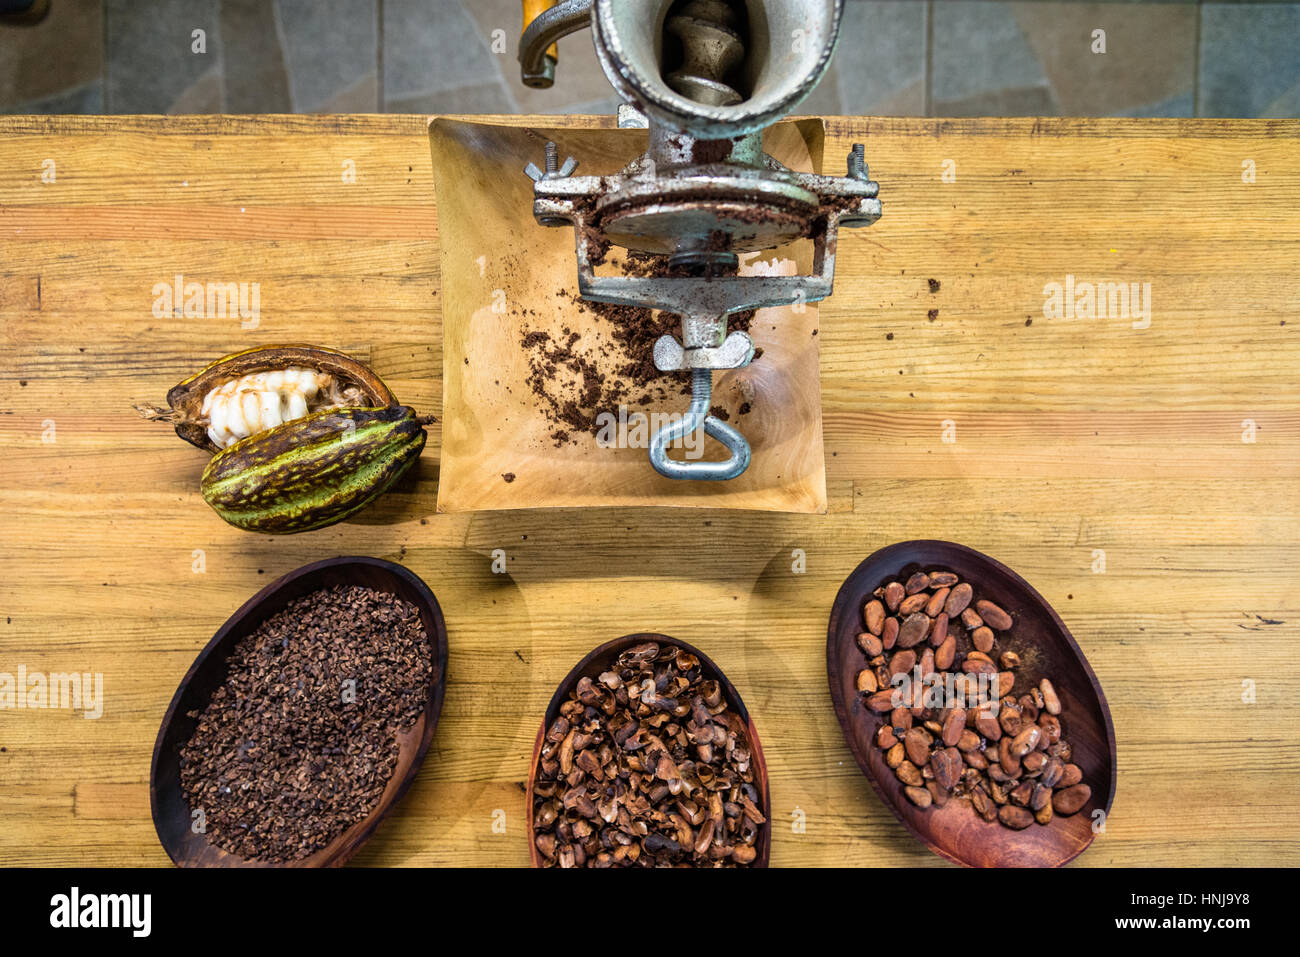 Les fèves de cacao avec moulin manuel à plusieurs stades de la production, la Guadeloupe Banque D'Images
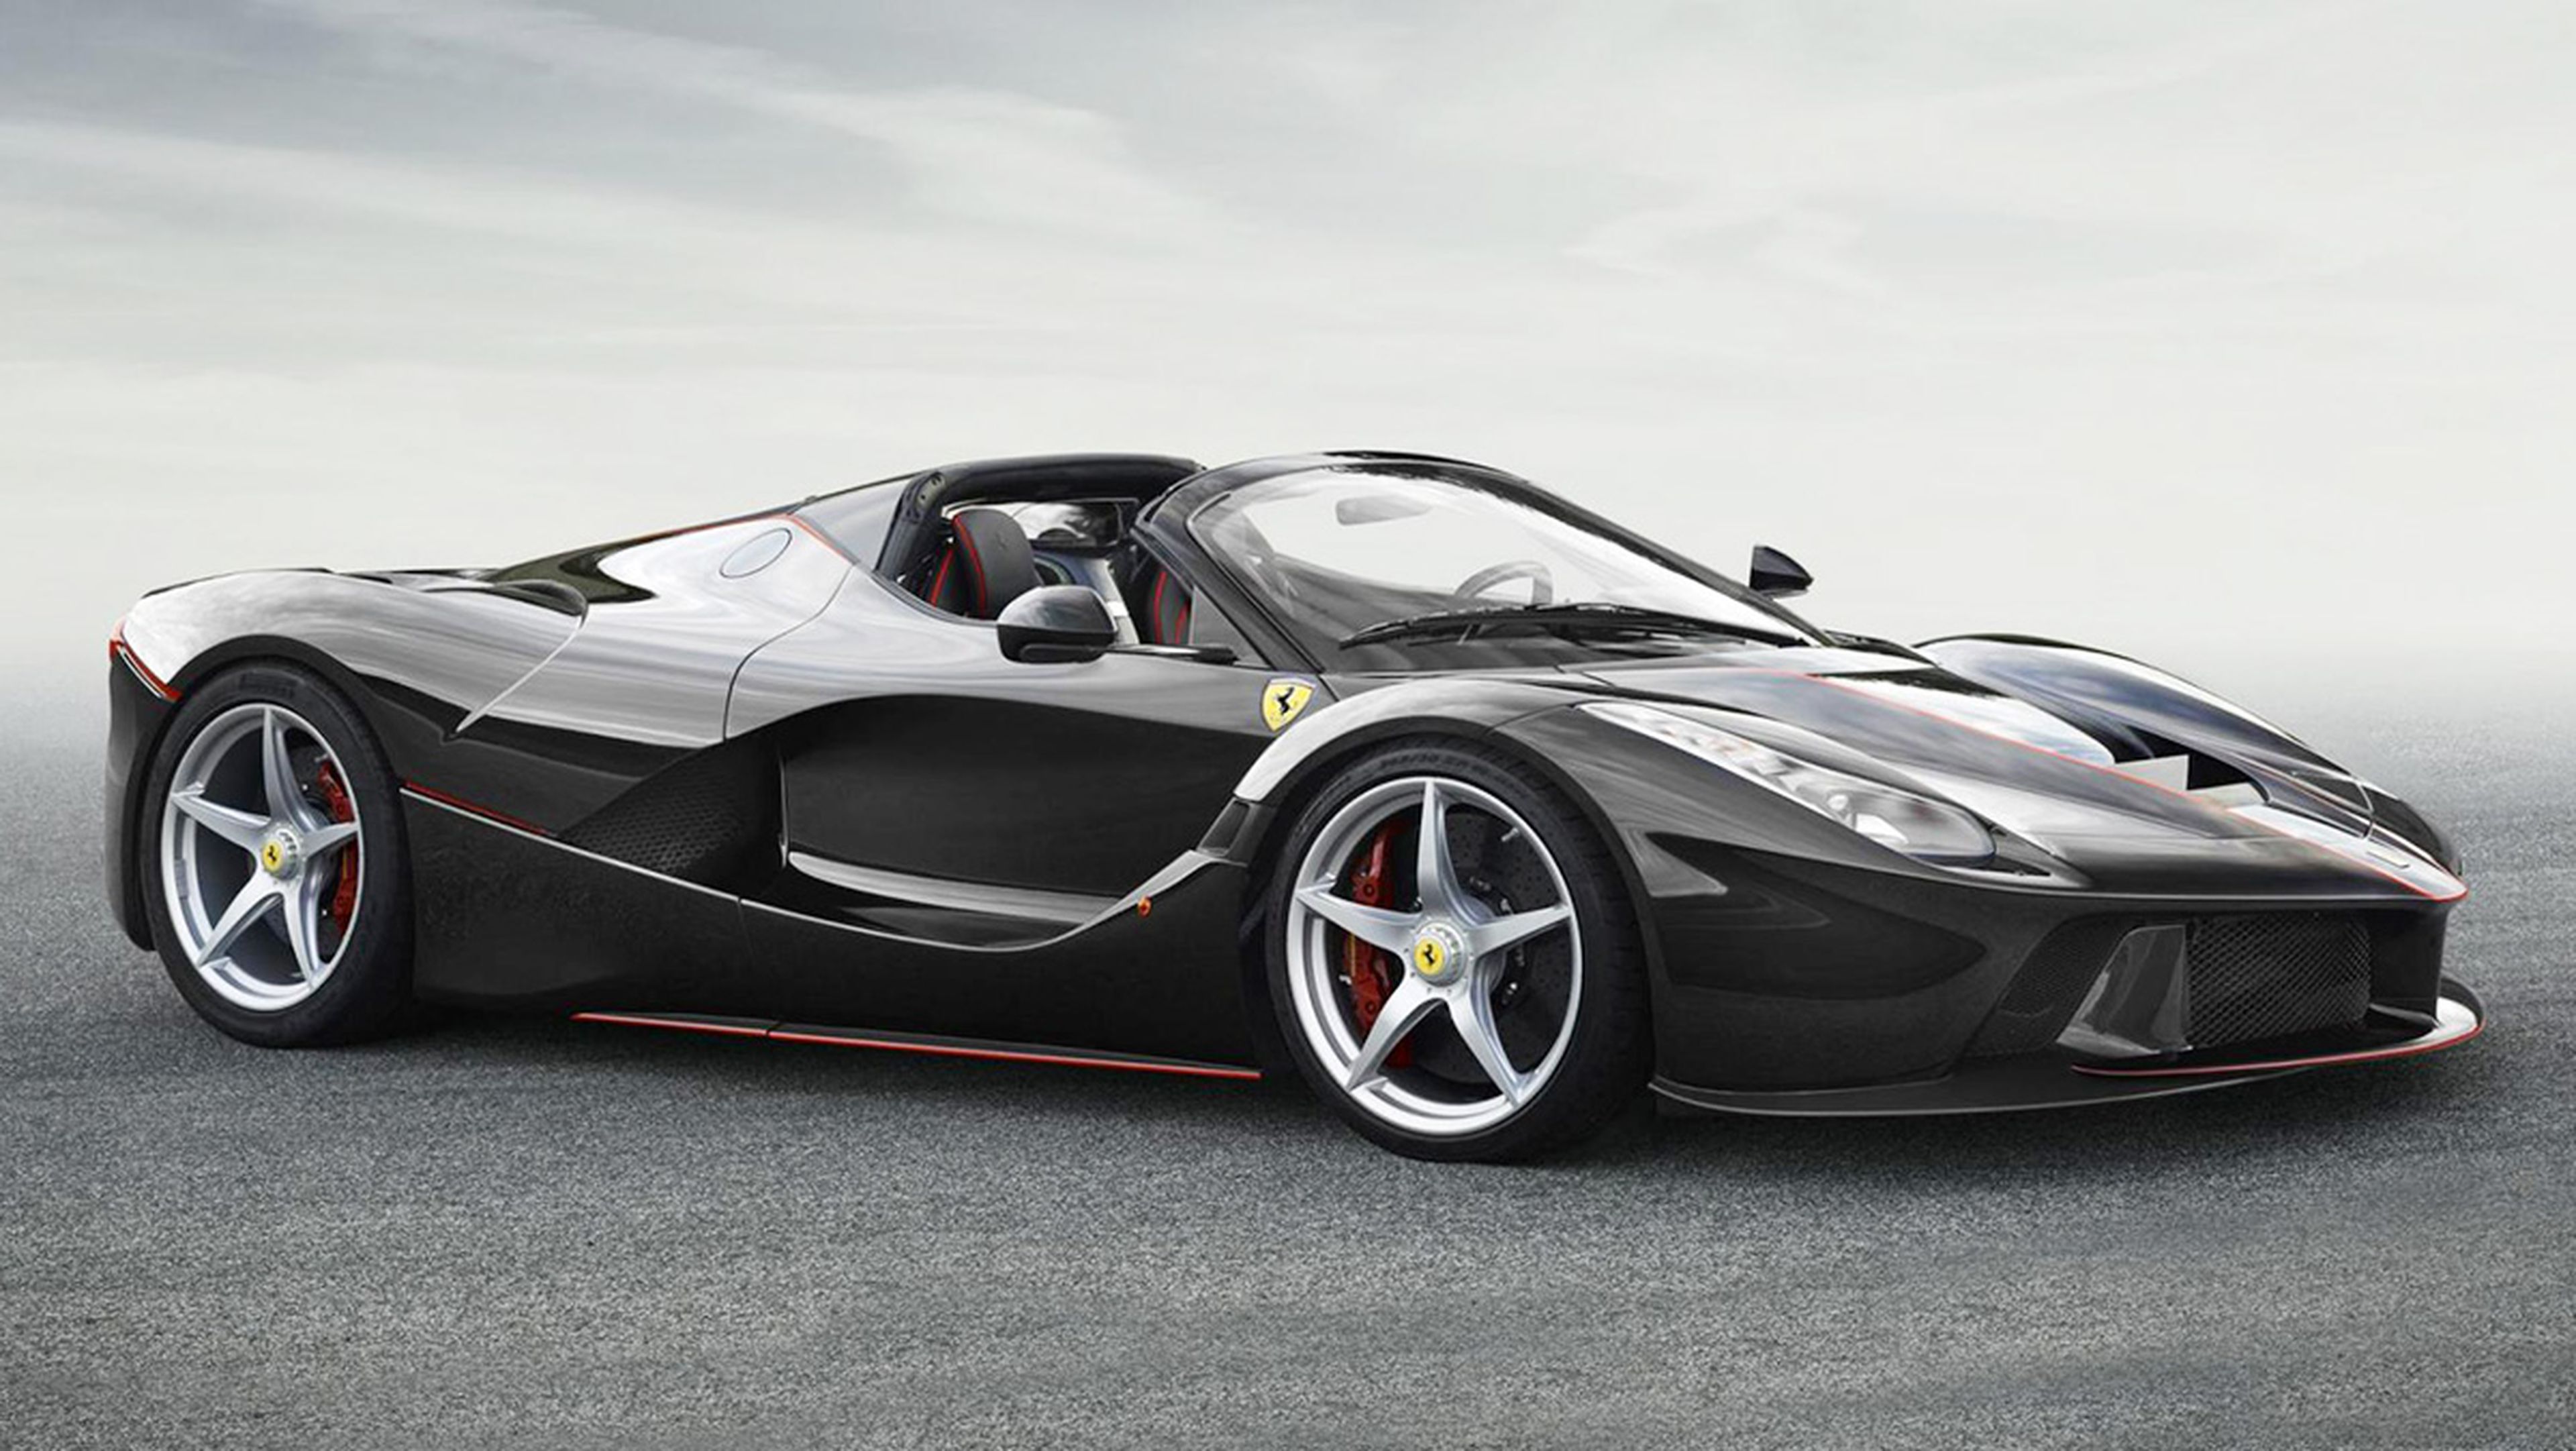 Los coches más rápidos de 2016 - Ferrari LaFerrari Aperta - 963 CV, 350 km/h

========================================

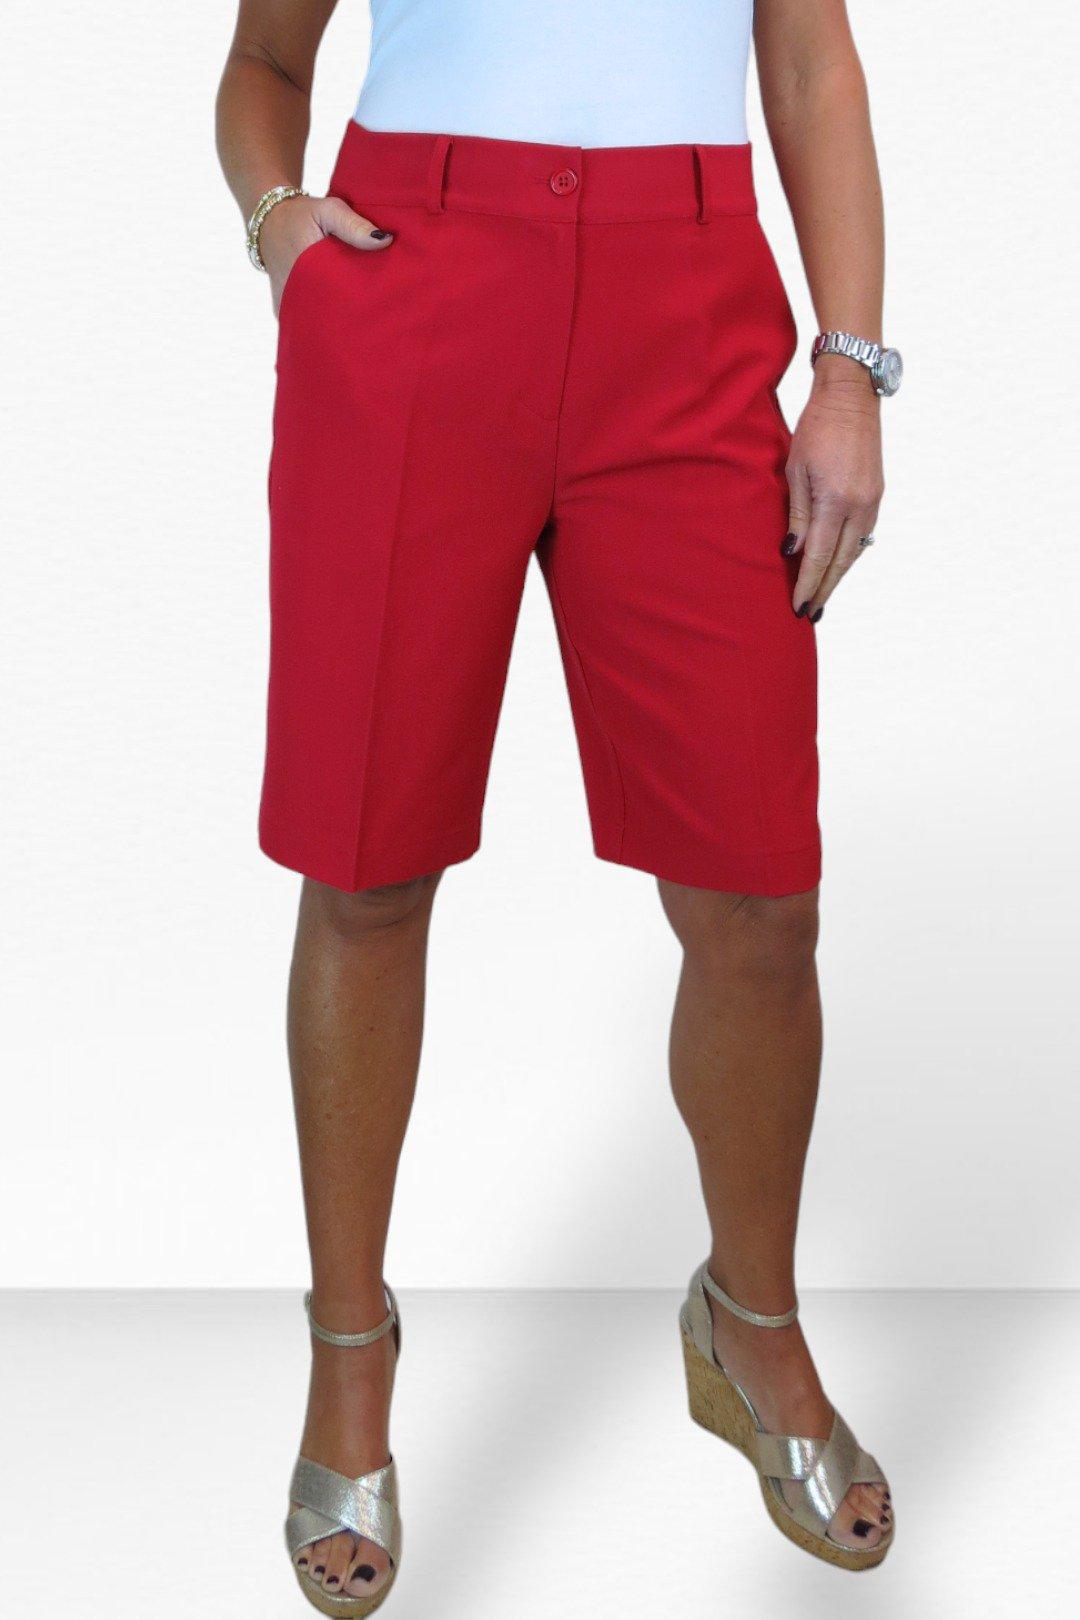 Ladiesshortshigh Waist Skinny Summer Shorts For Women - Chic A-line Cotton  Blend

========================================

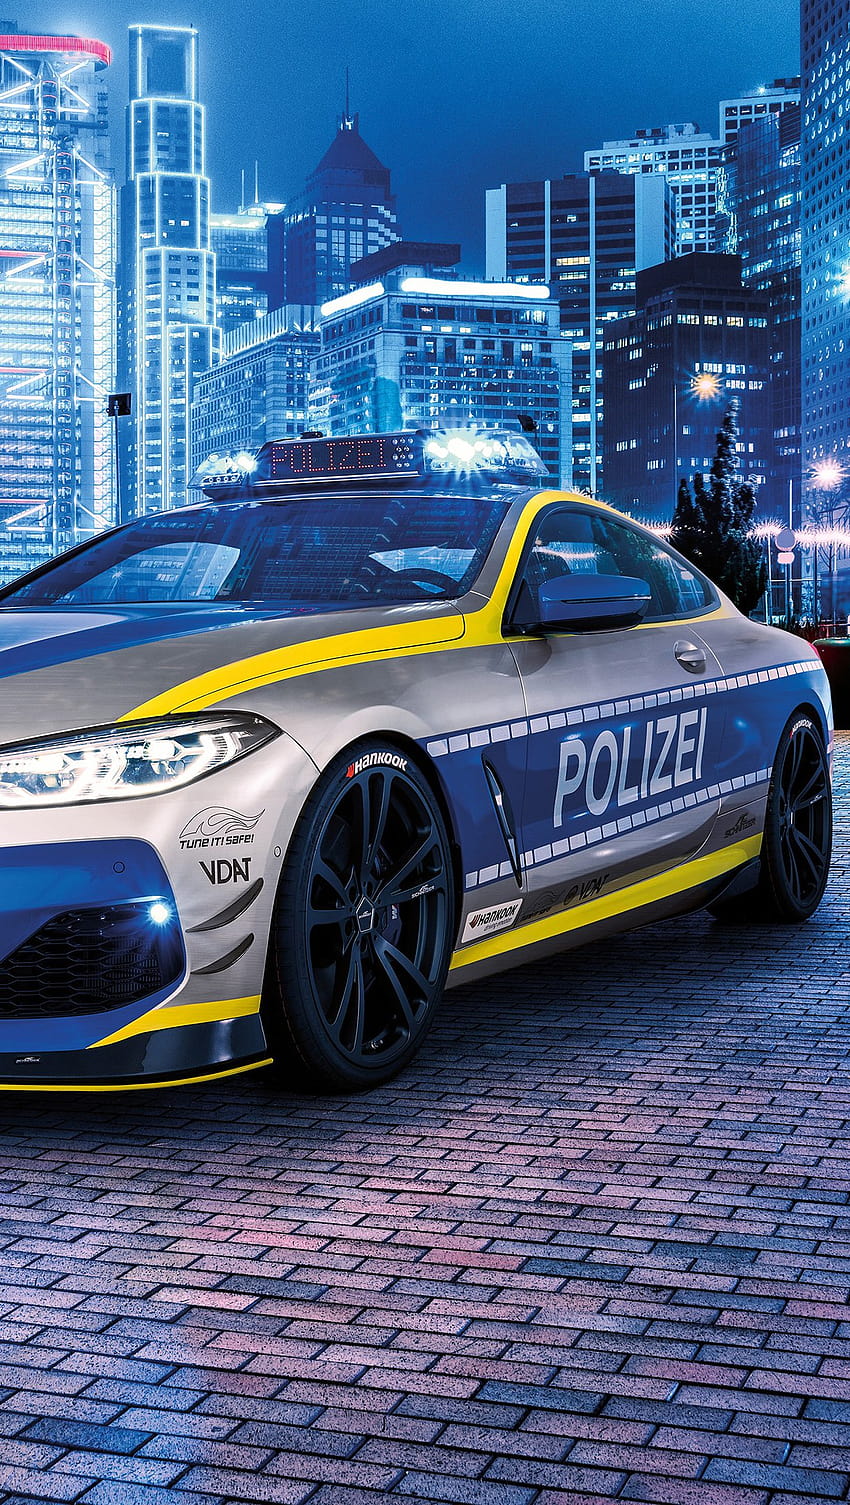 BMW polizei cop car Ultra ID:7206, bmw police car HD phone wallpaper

========================================

### Your goal
What you write out is the stretch of entries from the line containing "Les fèves de" to the line containing "Los coches más", word for word, with both end lines and no pictures.

### Solved exercise
 Les fèves de cacao avec moulin manuel à plusieurs stades de la production, la Guadeloupe Banque D'Images
 Los coches más rápidos de 2016 - Ferrari LaFerrari Aperta - 963 CV, 350 km/h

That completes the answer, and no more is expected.